Data below =
Start of Block

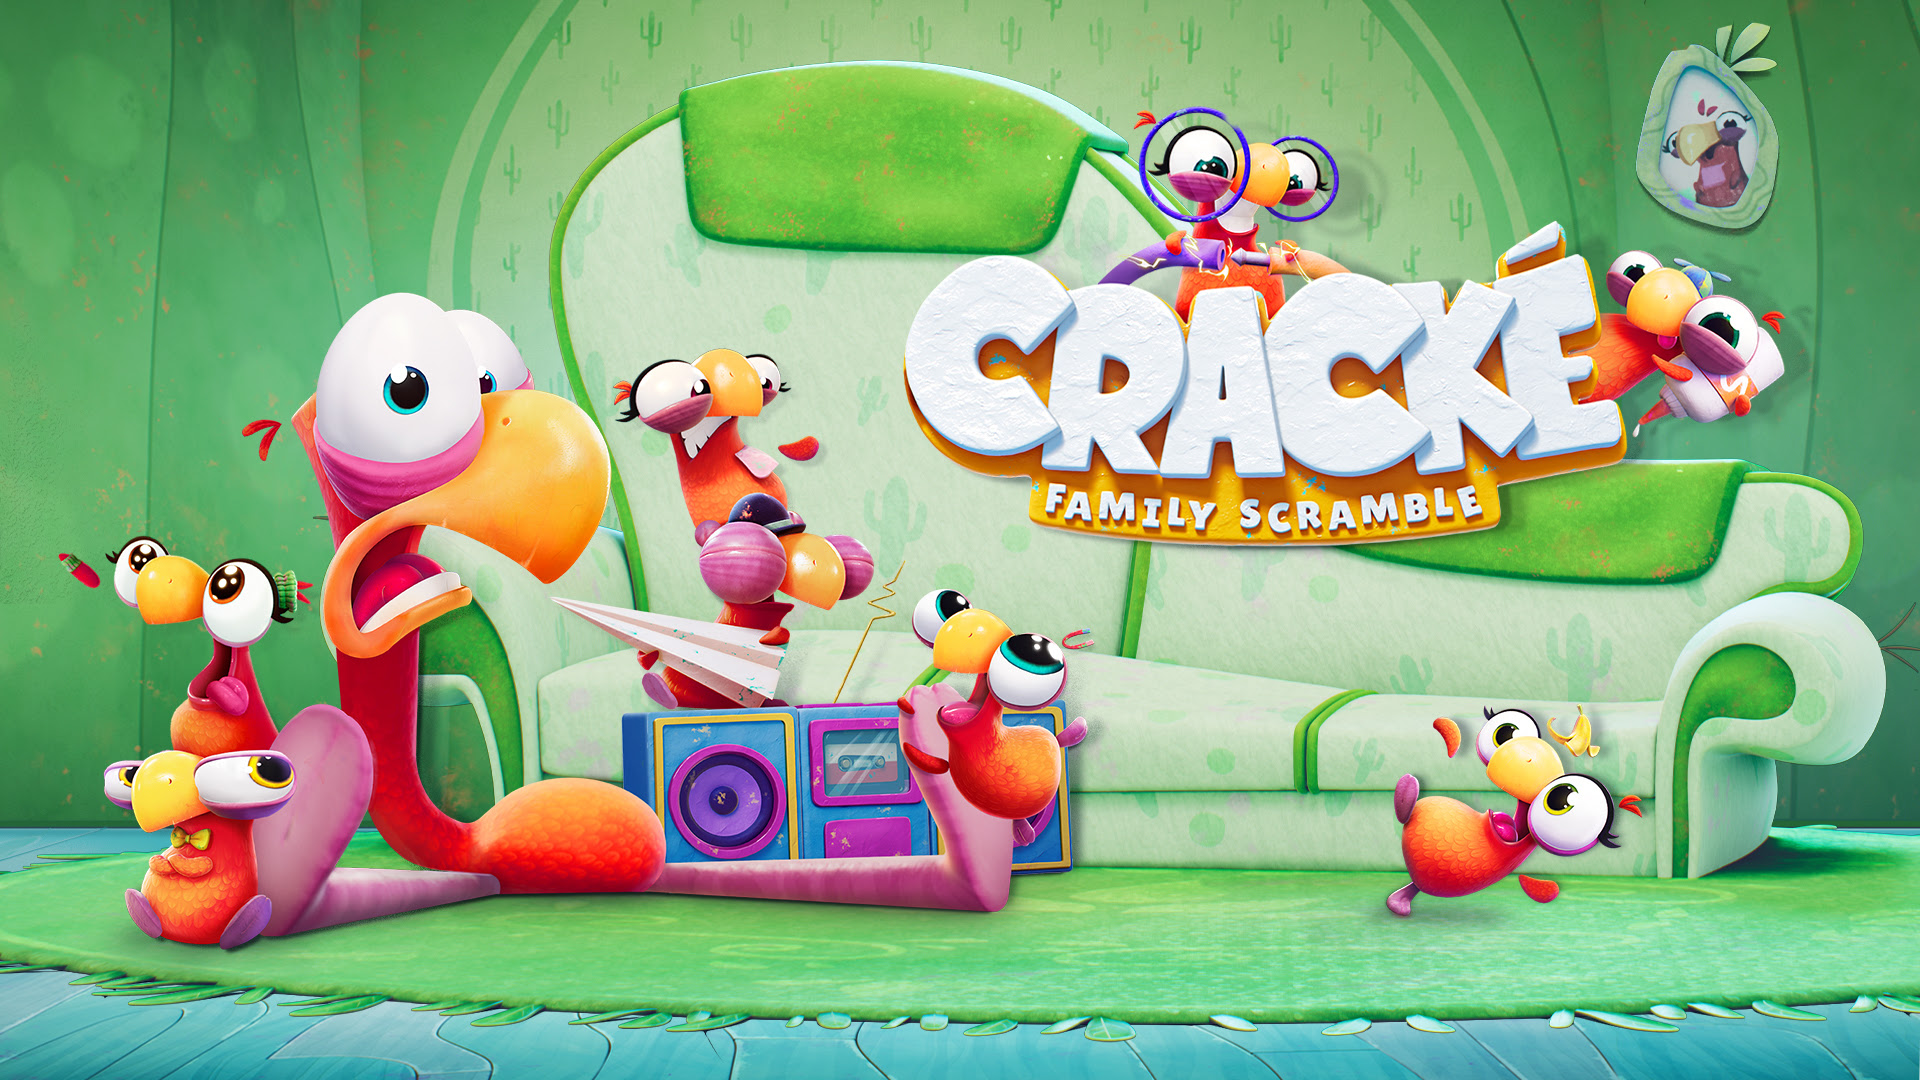 CAKE will distribute the new series Cracké la famille s’explode from Squeeze!
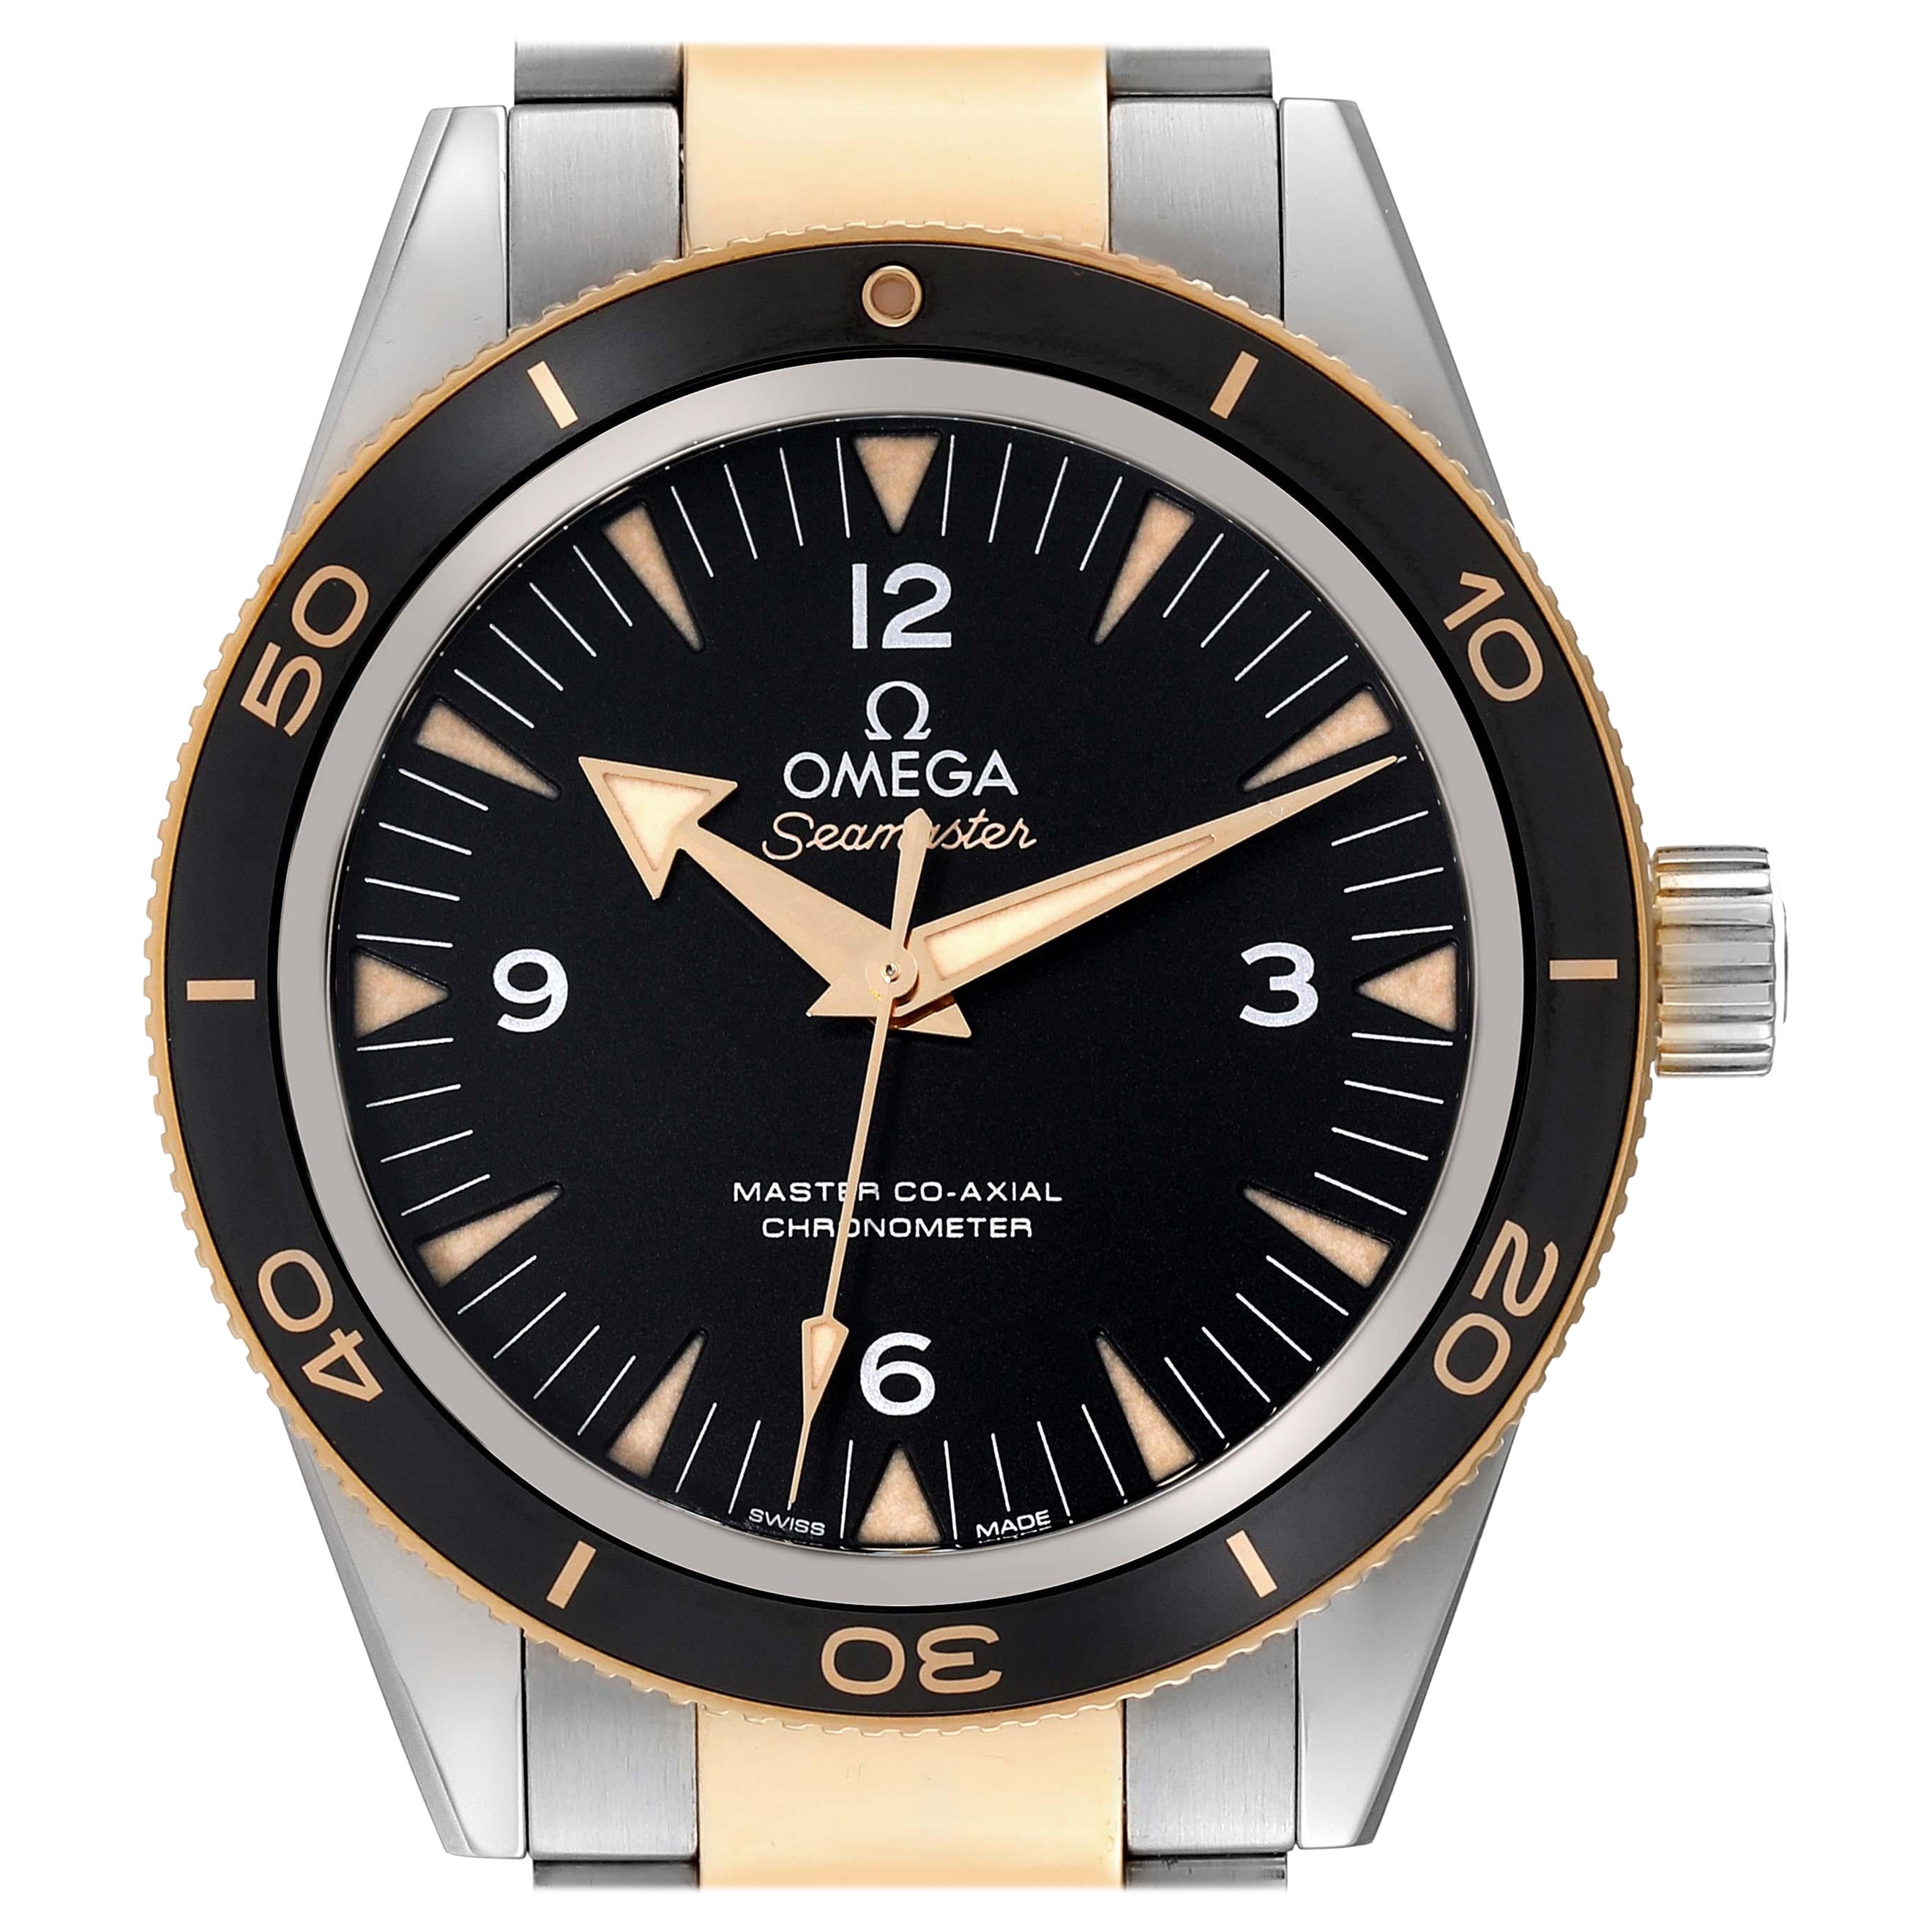 Omega Seamaster 300M Steel Yellow Gold Mens Watch 233.20.41.21.01.002 Card
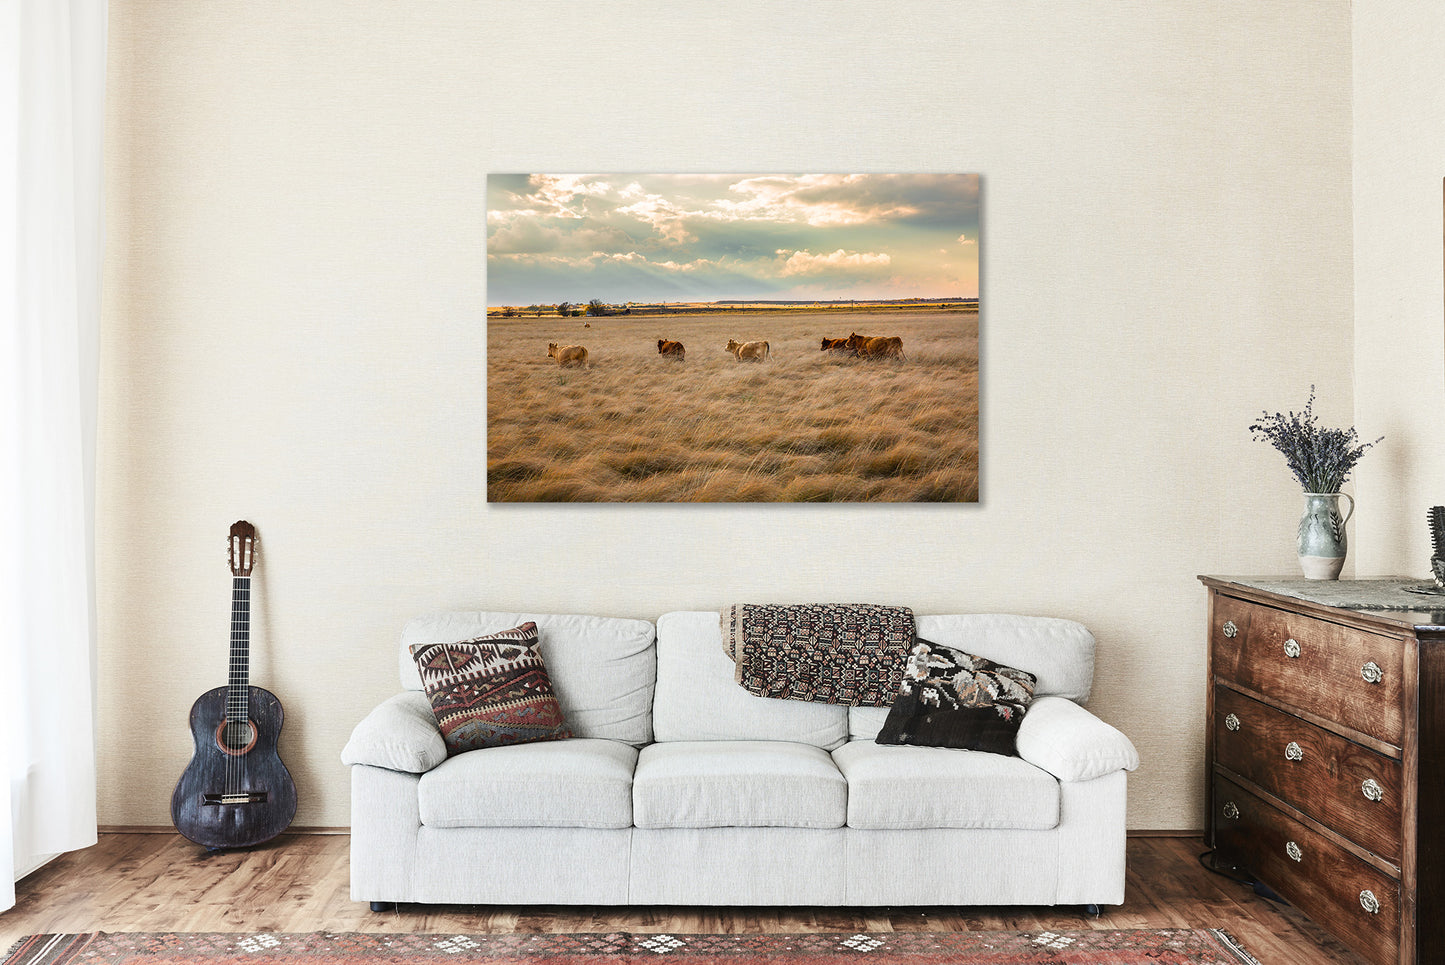 Cow Metal Print | Cattle Herd Photography | Farm and Ranch Wall Art | Texas Photo | Western Decor | Ready to Hang

End of Block

Required work =
When you reach the line containing "Omega Seamaster 300M" in the listing above, reproduce it and every line after it through the last, exactly; omit the pictures.

Answer to this problem =
 Omega Seamaster 300M Steel Yellow Gold Mens Watch 233.20.41.21.01.002 Card
 Cow Metal Print | Cattle Herd Photography | Farm and Ranch Wall Art | Texas Photo | Western Decor | Ready to Hang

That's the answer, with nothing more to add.